New Variation of Cancer Immunotherapy May Hold the Secret to Destroying Cancer Cells

Human colorectal cancer cells treated with a topoisomerase inhibitor and an inhibitor of the protein kinase ATR (ataxia telangiectasia and Rad3 related), a drug combination under study as a cancer therapy. Cell nuclei are stained blue; the chromosomal protein histone gamma-H2AX marks DNA damage in red and foci of DNA replication in green. Created by Yves Pommier, Rozenn Josse, 2014

Human colorectal cancer cells treated with a topoisomerase inhibitor and an inhibitor of the protein kinase ATR (ataxia telangiectasia and Rad3 related), a drug combination under study as a cancer therapy. Cell nuclei are stained blue; the chromosomal protein histone gamma-H2AX marks DNA damage in red and foci of DNA replication in green. Created by Yves Pommier, Rozenn Josse, 2014

Did you know that the human body technically already has the tools needed to fight cancer?

Immunotherapy is a type of cancer treatment that uses the patient’s immune system to fight the cancer. When effectively conducted it can lead to long-term survival of the cancer patient. Cancer immunotherapy is driven by the body’s ability to have immune responses driven by tumour cell antigen-specific, T lymphocytes, that recognize and degrade tumour cells. The main reason why a cancer patient’s T cells can’t typically destroy these tumour cells is due to the immunosuppressive microenvironment that tumours form around themselves by suppressing their antigen expression. Cancer cells also take advantage of immune checkpoints in the body that are intended to hinder serious immune responses to avoid detection. However, this new study seems to have come up with a new form of ICB cancer immunotherapy that can effectively counter cancer cell deception tactics.

Immune checkpoint blockade (ICB) is a type of immunotherapy that is currently used to bypass this system to allow T cells more opportunities to destroy cancer cells. Type 1 conventional dendritic cells (cDC1s) are also important for ICB therapy since they have vital functions in the recruitment and activation of T cells. Researchers discovered that it is possible to effectively reprogram tumour cells using specific transcription factors to resemble cDC1s while remaining in the tumour’s microenvironment to teach the immune system to have an immune response when it sees these tumour cells

This figure briefly explains the cellular mechanisms being targeted by this immunotherapy. The reprogrammed cDC1-like cell is used to promote T-cell recruitment and activation which can destroy tumour cells (Ervin Ascic et al.).

By delivering transcription factors PU.1, IRF8, and BATF3 (PIB) the researchers were able to enable tumour cells to resemble cDC1s and present specific antigens. They specifically chose PIB which had been shown to directly reprogram tumour cells into antigen-presenting cDC1-like cells in vitro within 9 days, according to past studies.

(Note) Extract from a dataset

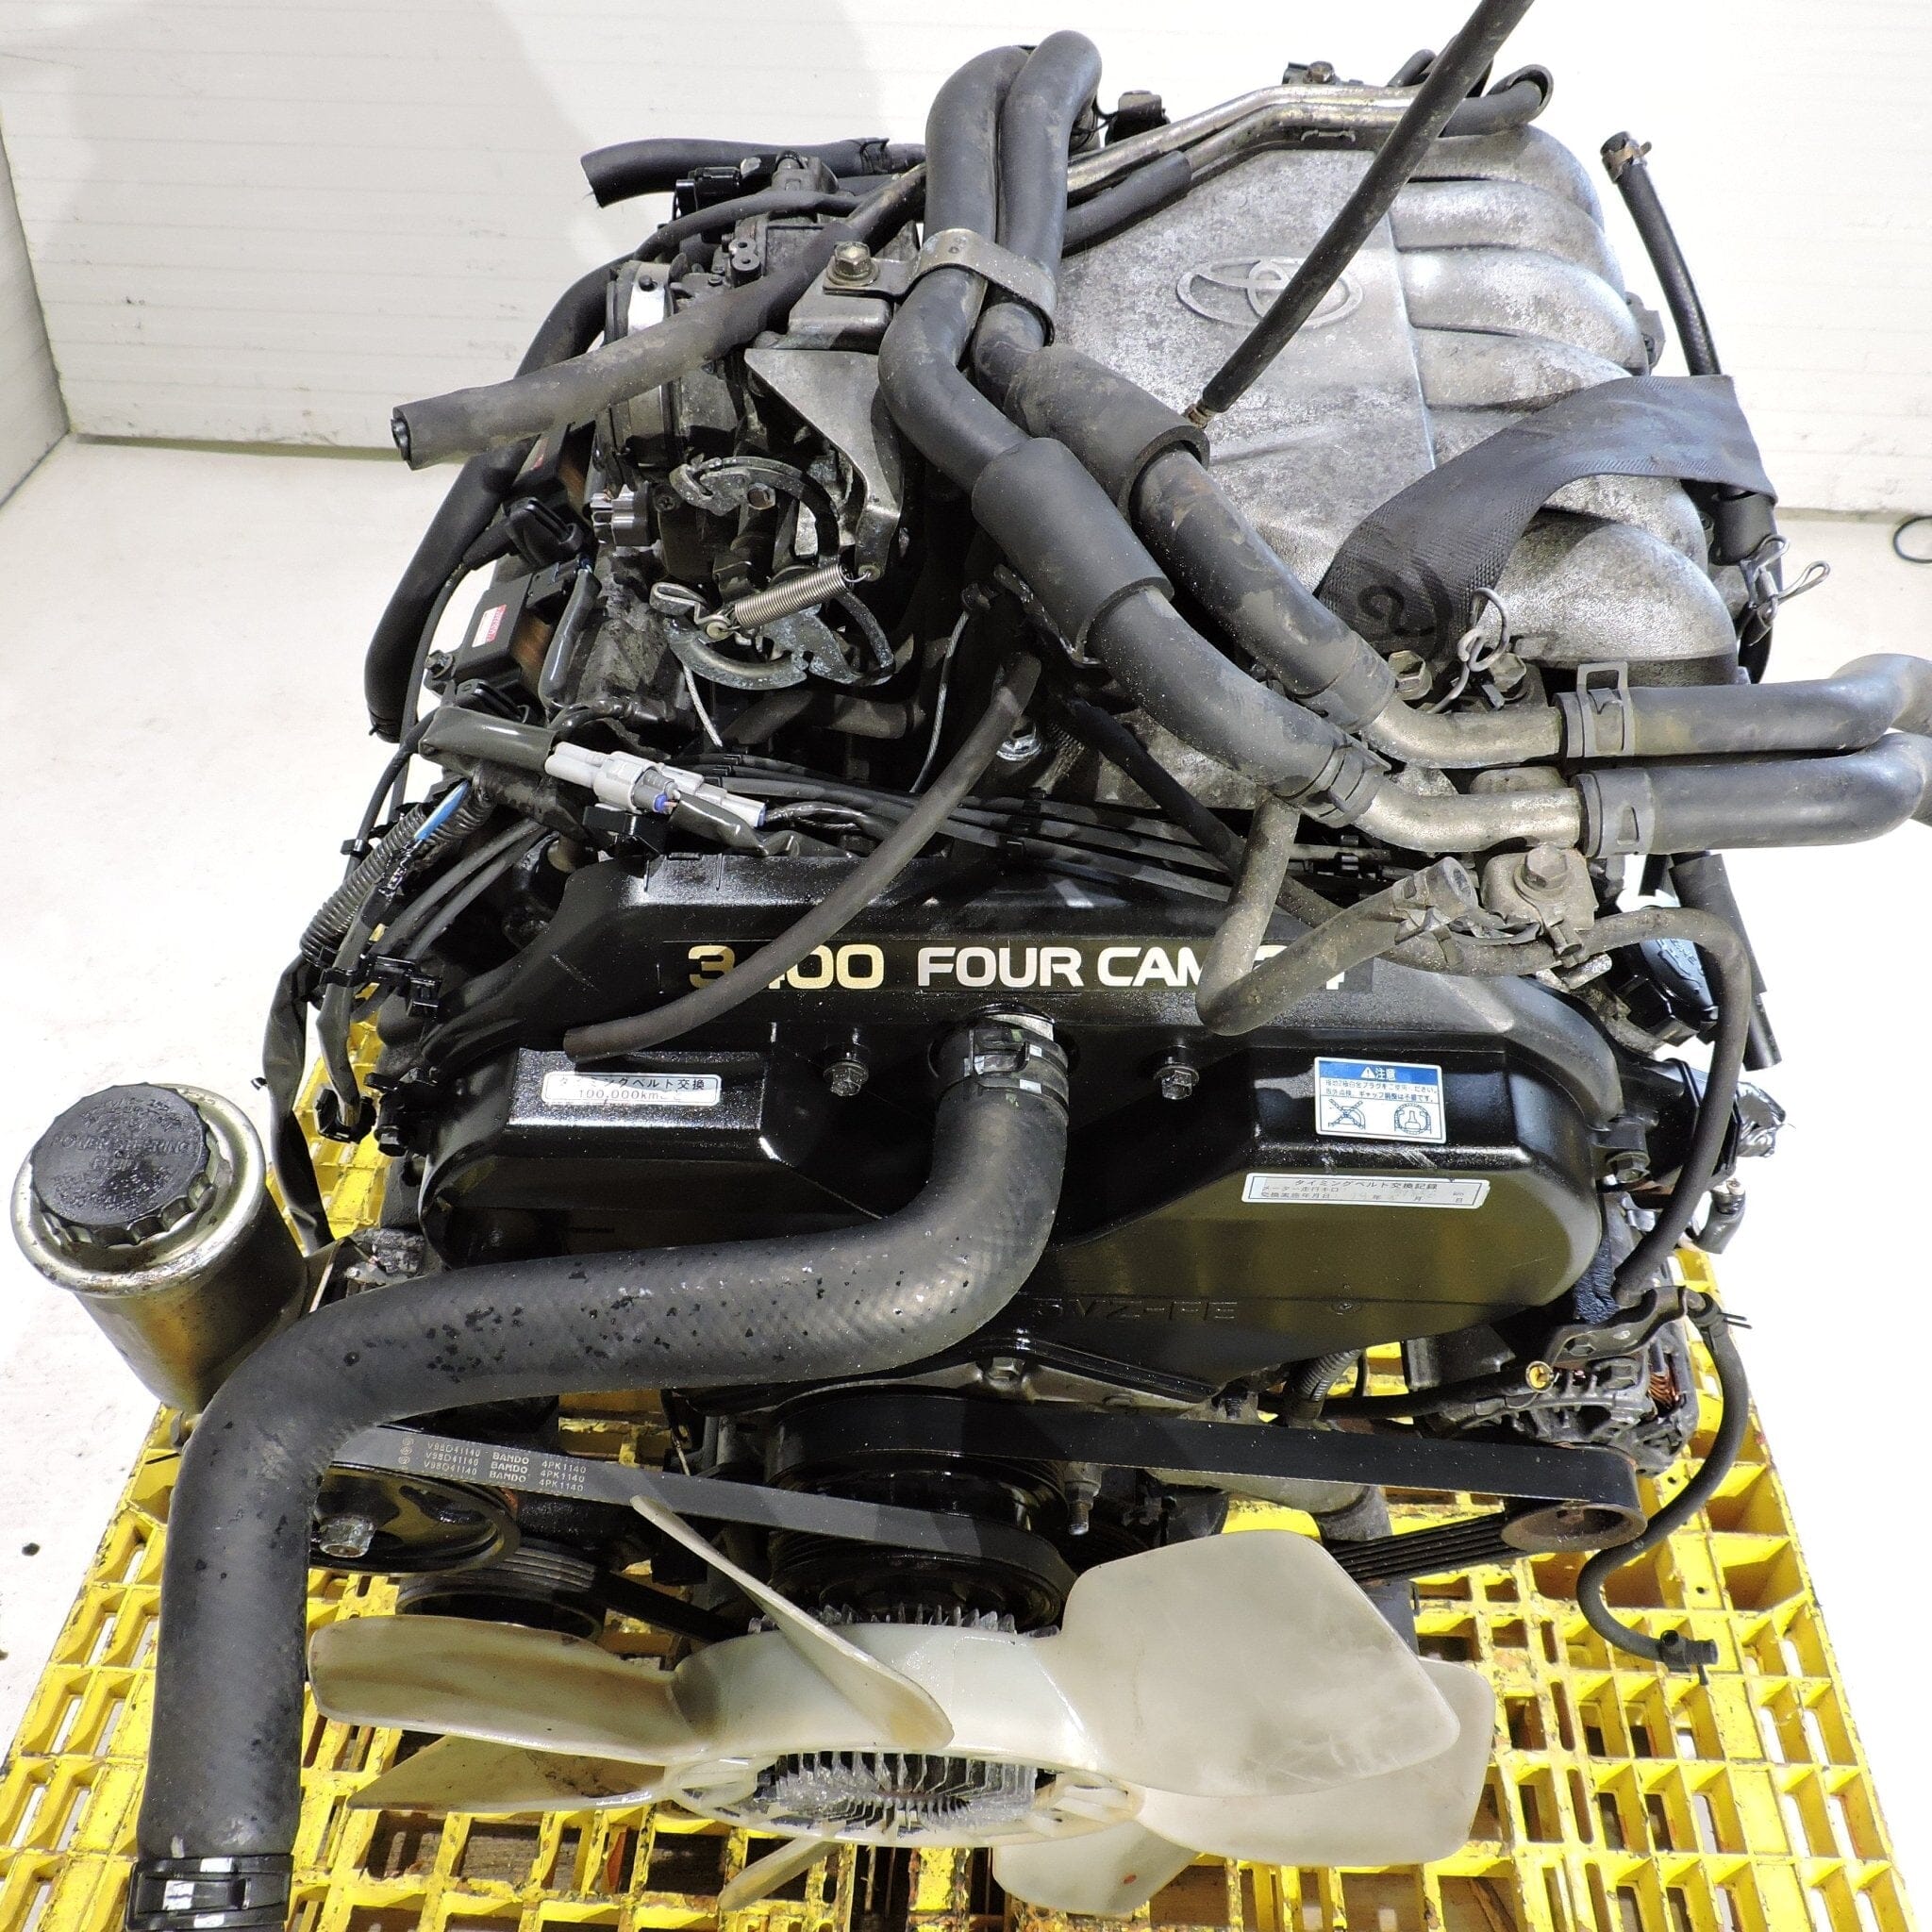 Toyota 4runner 1996-2002 3.4L JDM Engine - 5VZ-FE 6-Cylinder

This research team prepared cultures of tumours as well as cells that had been modified to contain PIB using a method called transduction to see if they would be able to successfully reprogram them. When these mixtures had been incubated they had found that cDC1-like cells within tumours had formed and remodelled the tumour microenvironment. This caused the recruitment of T cells as well as other immune response reactions that led to cell regression.

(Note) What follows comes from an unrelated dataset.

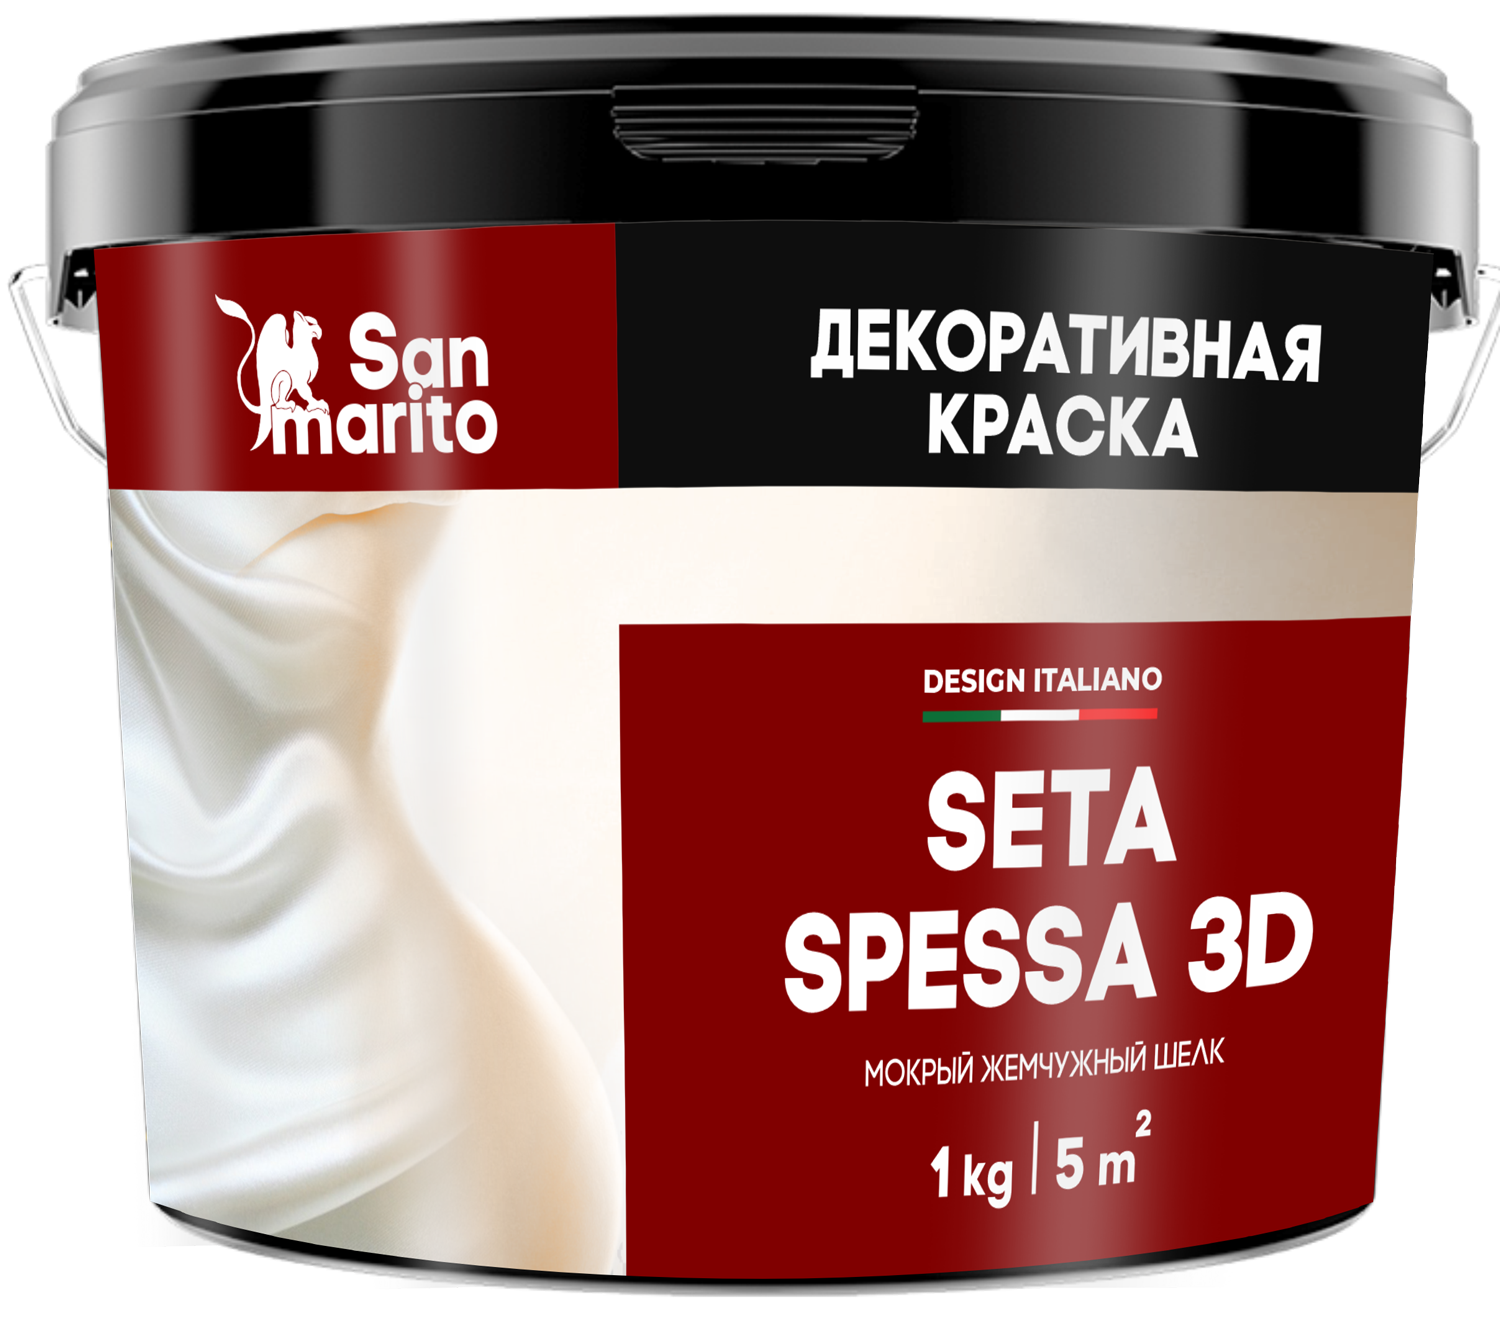 Краска декоративная с эффектом мокрого жемчужного шелка "San Marito Seta Spessa 3D" 5кг

What’s most impressive about this study was that they were able to achieve their desired results both in-vitro and in-vivo which can now be used as a preclinical proof-of-concept for a future tumour-specific immunotherapy. While there are certainly more steps to be taken to determine how to administer these therapies to humans in a clinical situation, this modified ICB therapy is certainly a game changer in cancer immunotherapy.